L.B. (above; watercolor, 10×14) by Gayle Madeira was an Animal/Wildlife finalist in the 26th Annual Art Competition. Madeira is our February 2010 Artist of the Month.
Residence: New York City
Her start in art: Growing up on a farm in Virginia, I wasn’t allowed to watch TV. My mother liked to paint, so in place of TV, my brother and I learned to make paintings around the farm. In high school, I had a wonderful art teacher named Mrs. Ackerman. Her words still ring in my head as a constant mantra: “Paint what is there, not what you think is there.”
I went to the School of Arts at Purchase College (part of the State University of New York) but studied dance, not art. I gained a solid understanding of composition and design for dance and later realized that the concepts are identical in painting. As an adult I’ve studied in New York City at the Art Students League, the School of Visual Arts and, most recently, at Grand Central Academy. Although I’ve been painting and drawing my entire life, I only started showing my art in shows and galleries eight years ago.
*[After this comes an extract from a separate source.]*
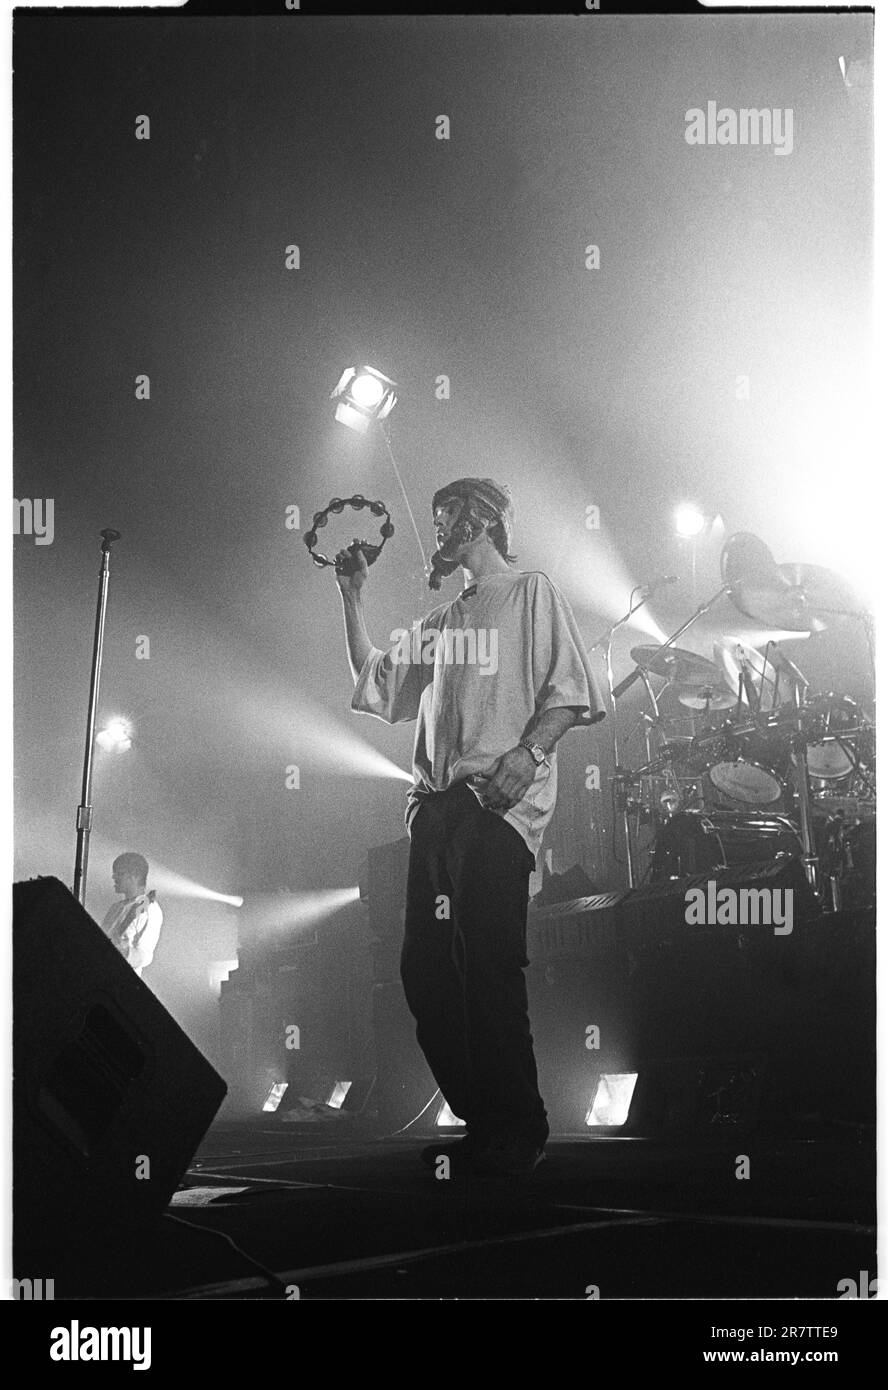 IAN BROWN, THE STONE ROSES, CANTANTE, 1994: Ian Brown dei The Stone Roses che suonano al Newport Centre di Newport, Galles, Regno Unito in un tour per promuovere il loro singolo Love Spreads e l'album Second Coming, il 4 dicembre 1994. Foto: Rob Watkins Foto Stock

I have three paid professions: Painting, performing and choreographing dance and software testing. They’re all modular and flexible. I find that they access the same concepts of composition and design from slightly different directions.
Styles and process: I work primarily in watercolor on paper and claybord. I’m a realist painter and mainly do portraits. I work from life and from photos—I particularly depend on photos when animals and children are involved. My main palette is sepia, raw umber, burnt umber, raw sienna, burnt sienna, yellow ochre, ultramarine blue, cerulean blue, quinacridone purple, cadmium red, cadmium lemon yellow, ivory black and titanium white.
About this painting: The eyes of a subject are the biggest inspiration for me. The stark, dramatic coloring of this particular cat was also an inspiration, and the cat was very playful. I typically work on paintings for about 40 hours; this painting took 30.
With L.B. I discovered that, after I finish main coloring and details of the eye, if I lay down titanium white over it, it gives the filmy impression of a cornea. In many watercolor classes, students are told not to use white or black, but I think artists should constantly experiment and find out what they like.
The name of this painting is an acronym for Little Bastard. Anyone who’s had a young animal (and a dry sense of humor) will understand why the kitten was called that. But according to his owners, he grew up to be a very sweet cat, but the name stuck.